Wenn die Menschen sagen, sie kennen Einsamkeit, bin ich immer skeptisch. Sie denken, Einsamkeit bedeutet, alleine zu sein.
Ich bin nicht einsam, wenn ich alleine bin. Das Leben in der Wildnis ist einfach. Keine Verpflichtungen, keine gesellschaftlichen Zwänge. Ich fühle mich nicht einsam. Hier draußen ist die Natur völlig unberührt und es fühlt sich an, als würde alle menschliche Unzulänglichkeit von mir abfallen und sich auflösen. Die Vergänglichkeit der irdischen Existenz verliert seine Bedeutung bei dem Gedanken, dass hier tausend Jahre einem Tag gleich zu kommen scheinen.
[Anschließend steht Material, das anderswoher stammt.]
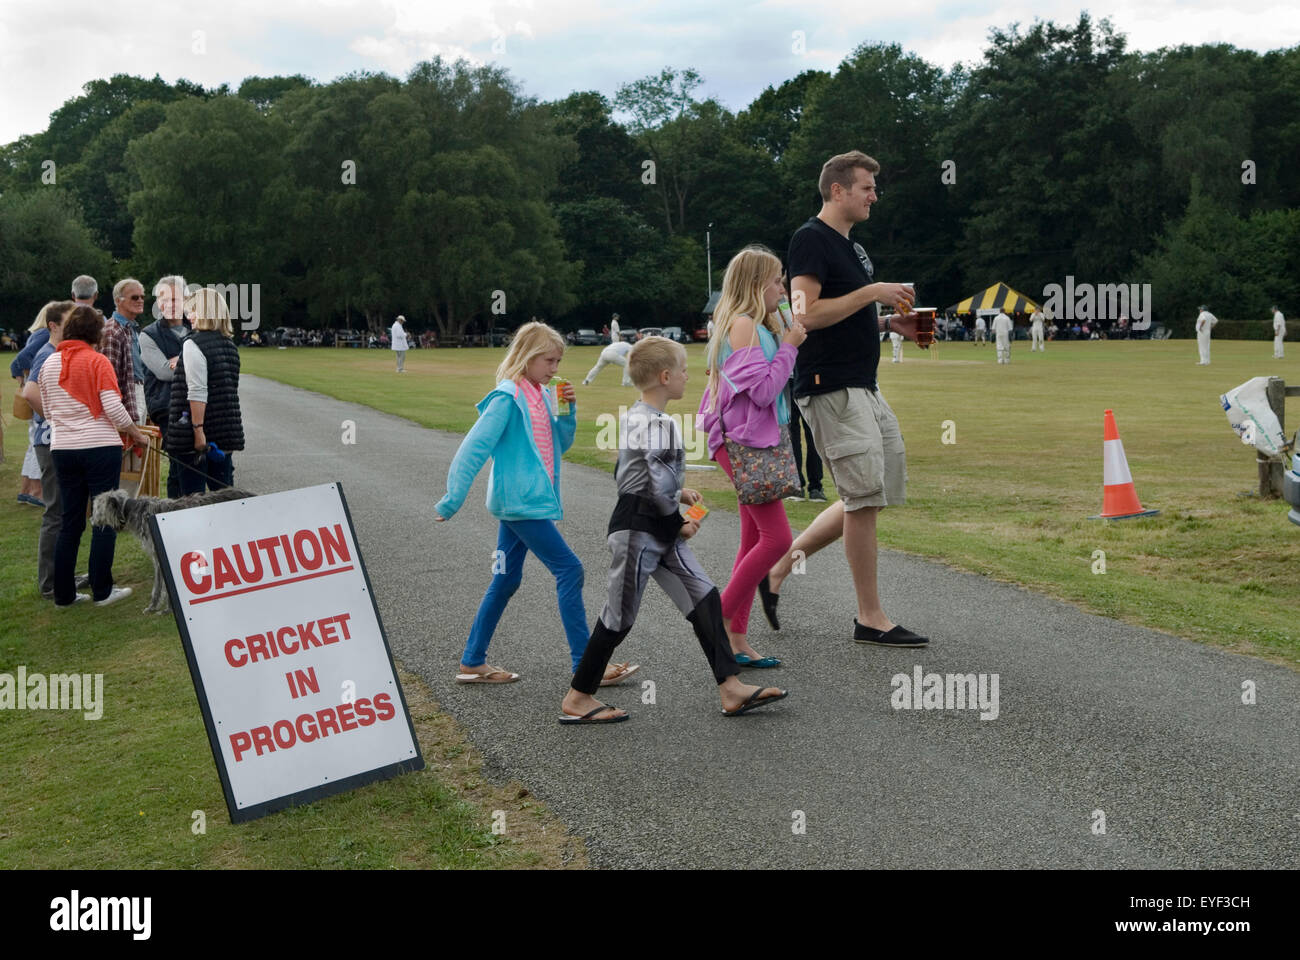 Family life in Britain, village cricket game in progress. Father and three children carrying glasses of beer group of spectators chatting.  Sussex Uk  2015 2010s HOMER SYKES Stock Photo

Wirkliche Einsamkeit bedeutet, dass man von tausenden Menschen umgeben ist und sich trotzdem verlassen fühlt. Wenn man immer ein Lächeln zeigt, bis niemand mehr zusieht und die fröhliche Maske abfällt.
Ich bin nicht einsam, wenn ich alleine auf meinem Berg bin, mitten in der Wildnis, weit und breit kein Mensch und keine menschliche Zerstörung. Wenn ich über die leere Ebene vor mir schaue, wie sie von der aufgehenden Sonne in goldenes Licht getaucht wird, die den Nebel vertreibt. Hier kann ich selbst sein. Ich bin einsam, wenn ich in einer Menschenmenge stehe und mich verstellen muss. Weil ich nicht sein darf, wer ich bin. Weil ich ein Mann bin, der einen Mann liebt.
Unsere Liebe ist eine einzigartige Geschichte. Wir hatten nie genug Zeit und ich wollte immer mehr, aber es gab für uns kein Mehr, denn die Gesellschaft, die Religionen, sie verboten uns einfach wir selbst zu sein. Weil es nur eine gesellschaftlich akzeptierte Liebe gibt, die nicht auf Ablehnung stößt. Wir mussten uns verstecken.
Nichts ist mir geblieben. Sie haben ihn verprügelt, weil er nicht war wie sie. Sie sahen ihn als Bedrohung, obwohl er einfach nur anders war. Meine Briefe kamen ungeöffnet zurück. Denn sie haben ihn getötet. Meine große Liebe. Es hätte nichts bedeuten sollen, dass er ein anderer Mann war.
Alles, was bleibt, ist Einsamkeit in der Mitte von unzähligen Menschen, weil ich niemals ich selbst sein kann.
Liebe besiegt alles, heißt es. Aber den Tod kann sie nicht überwinden.
Und ich frage mich: Ist es Einsamkeit oder Freiheit, die ich empfinde?